Ей как будто нравились эти демонстрации нездоровья. Даже после самых жестоких деформаций она только лишь уставала и всегда была готова к продолжению. Этим он в ней восхищался. Она не показывала страха или сожалений, никогда не роптала и даже не пыталась найти для этого способа; как же она отличалась от склочной эгоистичной дуры, на которой он женился. Мейбридж получал удовольствие в ее безмолвном обществе, и на душе скребли кошки от необходимости уехать так скоро без определенной даты возврата. Он вздохнул и начал готовить выдержку, убирая мелочи с верстака и раскладывая по полкам. Сдвинул свою версию перифероскопа из дальнего угла полки, чтобы освободить место для коробки негативов. Он почувствовал, как она вздрогнула за спиной, и обернулся, удивившись ее реакции.
– Что случилось, Жозефина?
Она показала на его руки.
– Что, ты об этом? – спросил он, поднимая часовой нимб из стекла и металла.

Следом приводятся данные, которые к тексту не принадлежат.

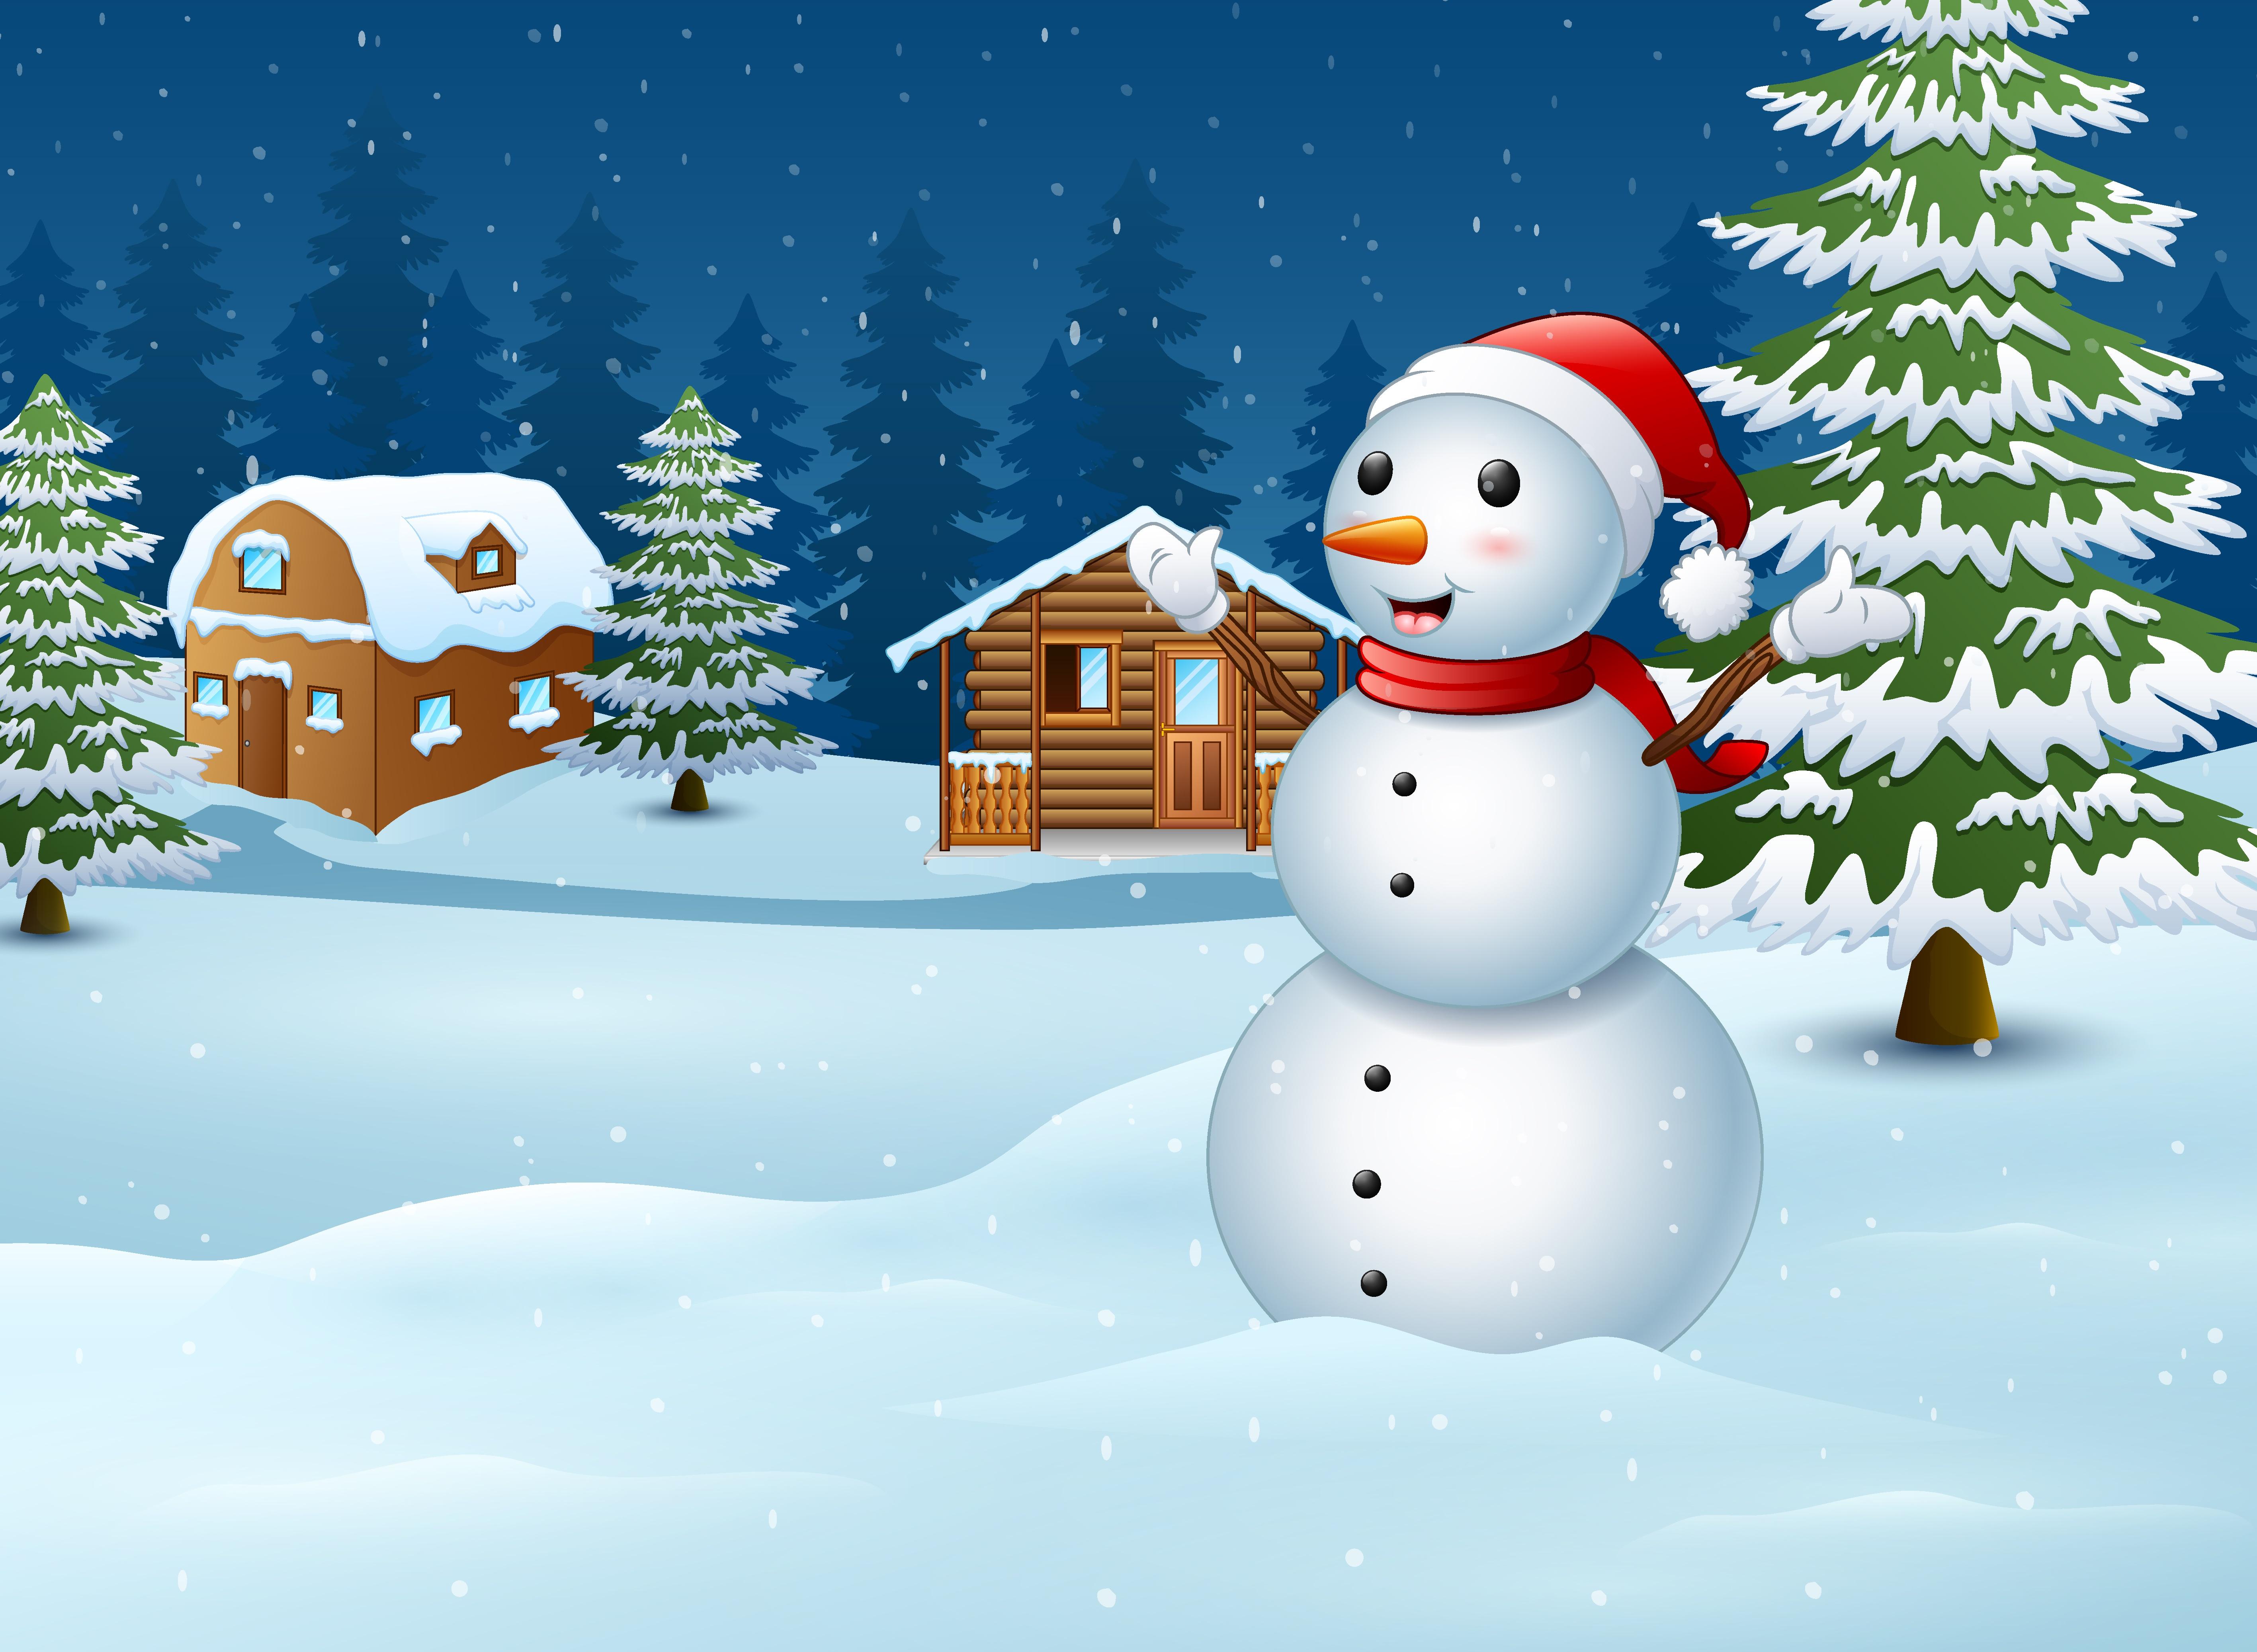 зимний снеговик стоит перед деревьями, морозный снеговик картинки,  морозный, Снеговик фон картинки и Фото для бесплатной загрузки

Ее глаза расширились, и она продемонстрировала еще не виданное выражение: нечто среднее между сексуальным голодом и близорукостью, словно старалась притянуть этот предмет к себе; ему стало немного неловко. Жозефина подошла, протягивая руки. Он отдал нимб, и она поместила его себе на голову и изобразила звук часовых моторчиков, положив правую ладонь на голову и сделав несколько кругов. Пантомима напомнила ему половину детской игры, когда одна рука кружит перед солнечным сплетением, а вторая – над головой, демонстрируя раздельной координацией правого и левого полушария мозга силу их союза. Но это была не игра: она хотела, чтобы он активировал для нее механизм.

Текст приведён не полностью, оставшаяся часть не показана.